After William Wyler was signed to direct the film, he insisted that Ross be hired to direct and choreograph the musical numbers. So all that was left was to find the leading man. Columbia had under contract perhaps the sexiest leading man in Omar Sharif. His stunning performance in "Doctor Zhivago" as well as his continenetal charm made him an easy choice for Wyler. But Sharif was an Egyptian and Barbra a Jew, and the pairing could have been jeopardized by the outbreak of the Six-Day War. Instead, Stark capitalized on the Arab-Israeli conflict, playing up the couple in the international press.

Publicity was enormous, but outraged Arabs condemend the two and Barba's movies have neer played in an Arab country since. On June 17, 1967, Barbra gave a free performance in New York's Central Park for an estimated 135,000 people, the largest audience for any performance there. The concert was taped and aired as a CBS television special, but during the entire evening, because of the controversy over her and Shrif's casting in "Funny Girl" and because of some pro-Israeli statements she had recently made to the press, Barbra feared for her life. So much so that she forgot her lines at one point, after which she vowed never to sing live again. There was no incident, however, and the concert was a great success.

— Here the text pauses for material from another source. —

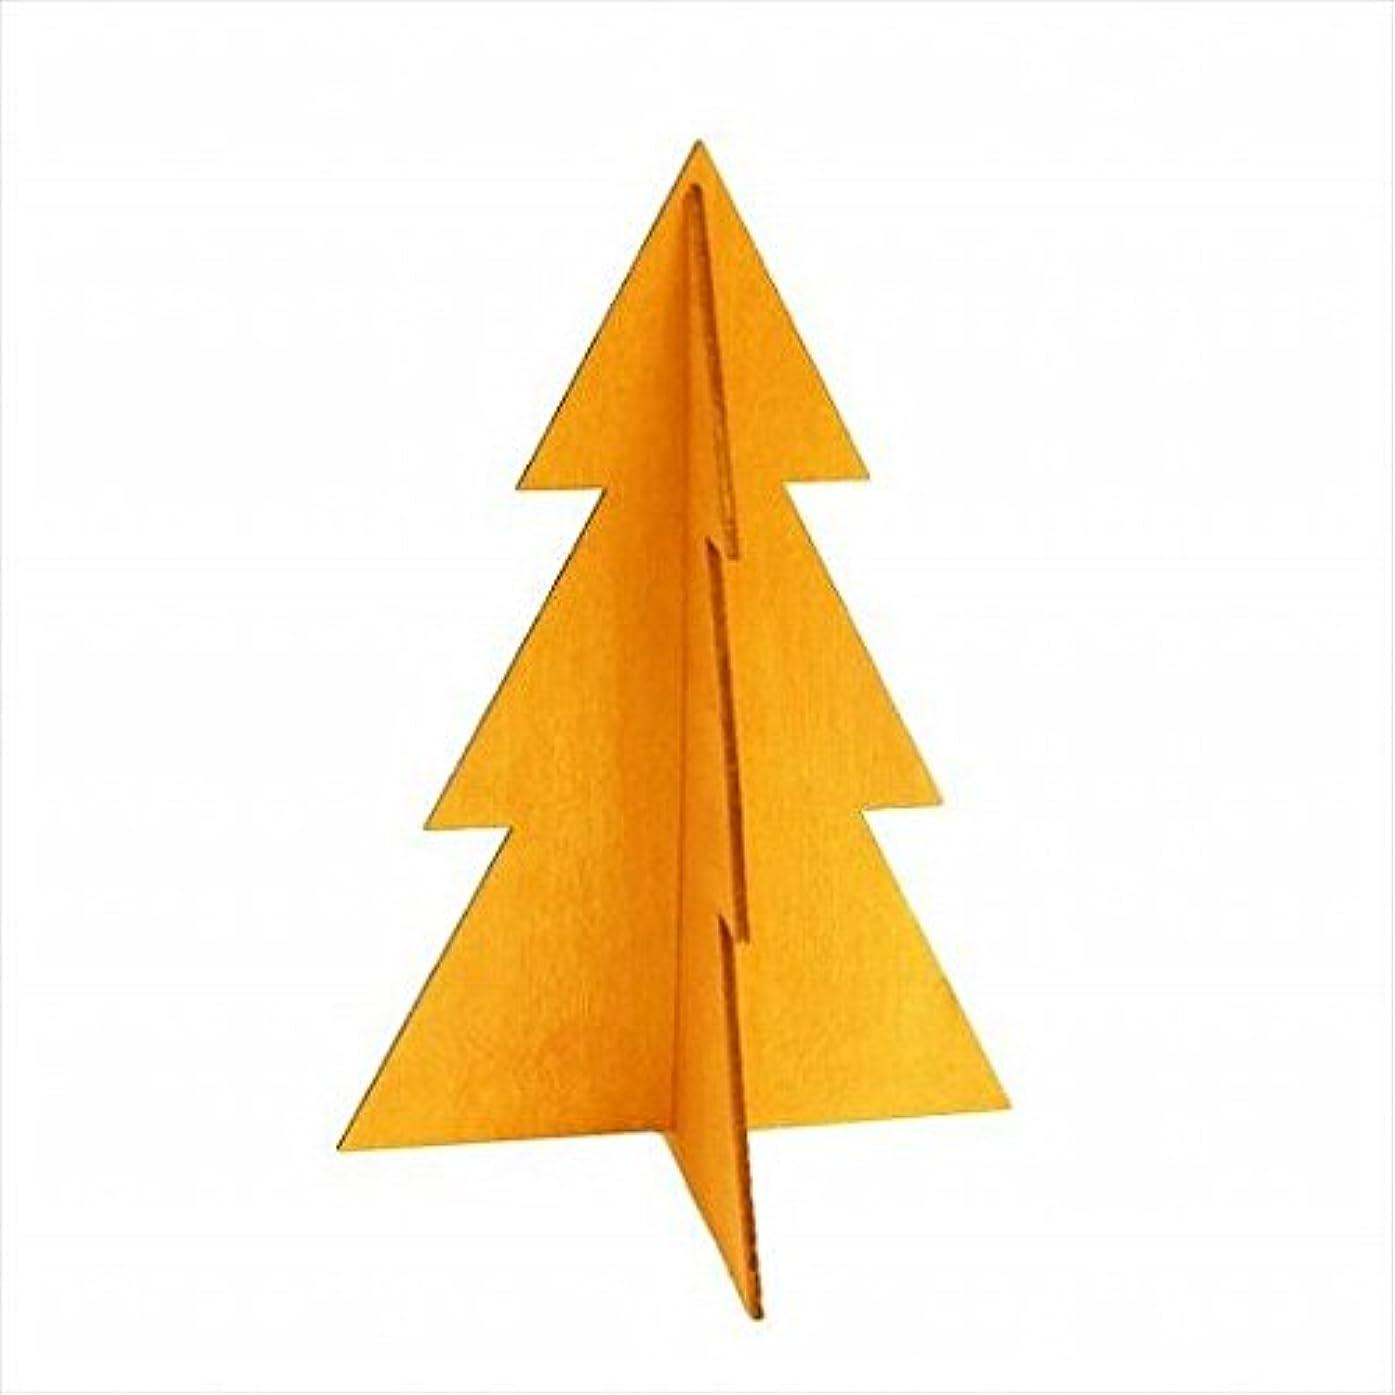 費用先のことを考える急いでkameyama candle(カメヤマキャンドル) フェスティブツリーM 「 オレンジ 」 キャンドル 144x144x210mm (I882243009)
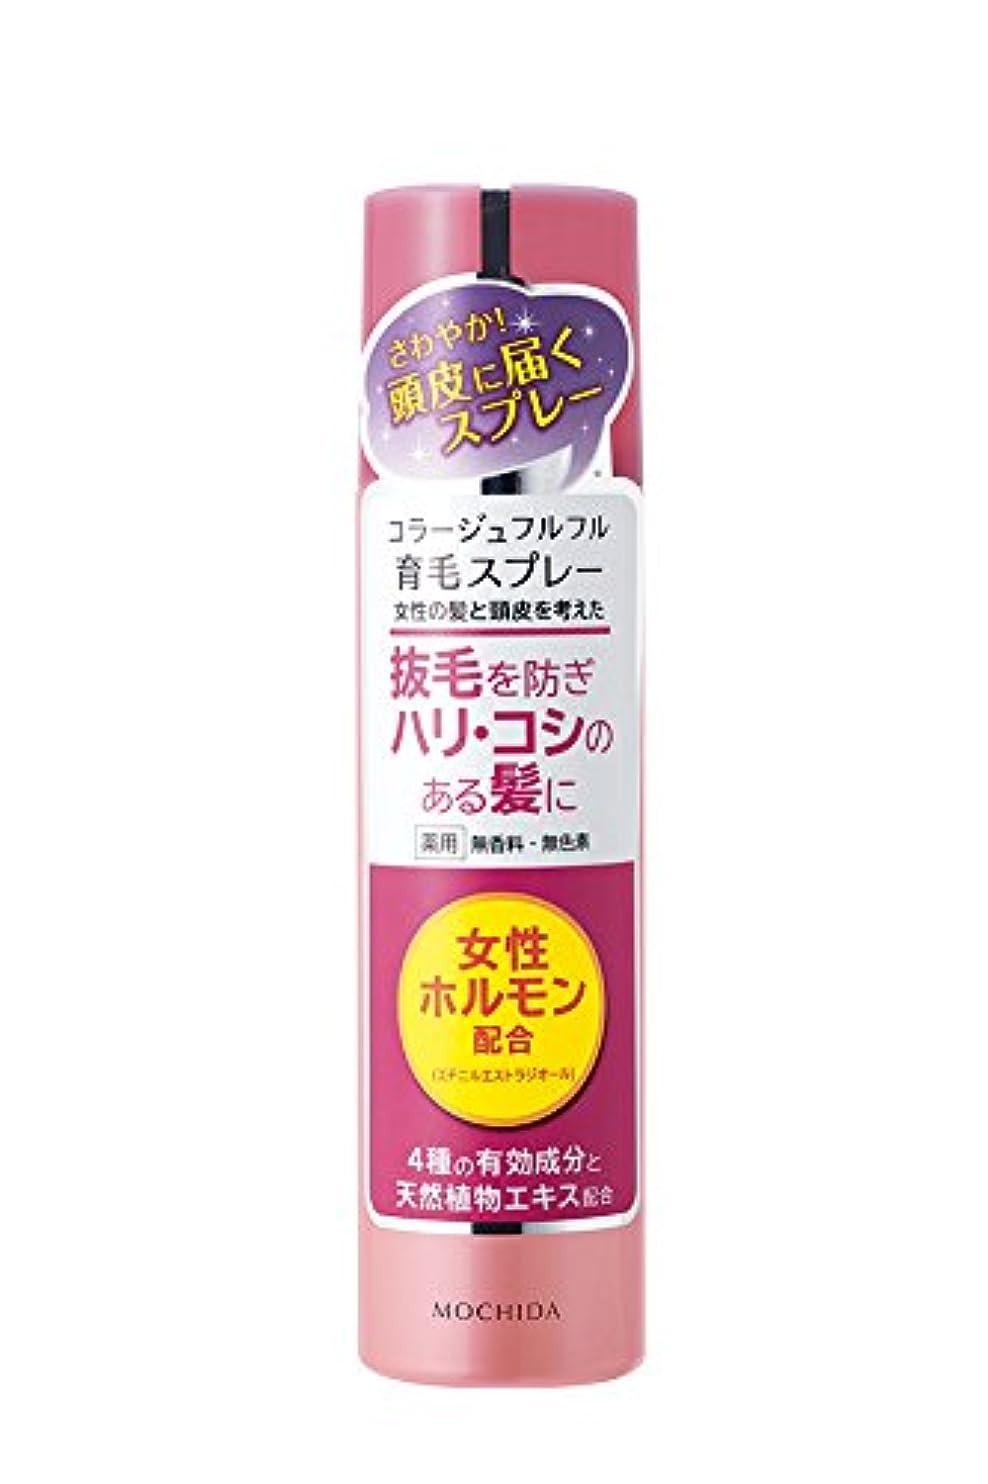 吸収剤暗殺する抗議持田ヘルスケア コラージュフルフル 育毛スプレー 150g

Funny Girl, 1968 During the making of "Funny Girl", Barbra's reputation as a difficult star was reinforced. She would confront Wyler, who had made more than 60 movies and won 8 Academy Awards, when she disagreed with her over a scene. A crew member related, "Here was this young whippersnapper telling a very noted director how to do his job." But Wyler was not so bothered about such incidents, saying "She was a bit obstreperous in the beginning, but things were ironed out when she discovered some of us knew what we were doing. Sometimes, she would argue for her way. If I was set on my way, that's the way we did it. She was not difficult in that sense. She was very cooperative." The most persistent and undeniable gossip about the production was of Barbra's affair with her leading man, Omar Sharif. While Elliot Gould was in New York filming for "The Night They Raided Minsky's", Sharif and Barbra, according to Sharif, "led the very simple life of people in love." When the filming ended, so did the affair. Some say Barbra ended it in deference to her husband, while others say on-set romances were standard procedure for Sharif. Nonetheless, Barbra went back to New York and to her husband.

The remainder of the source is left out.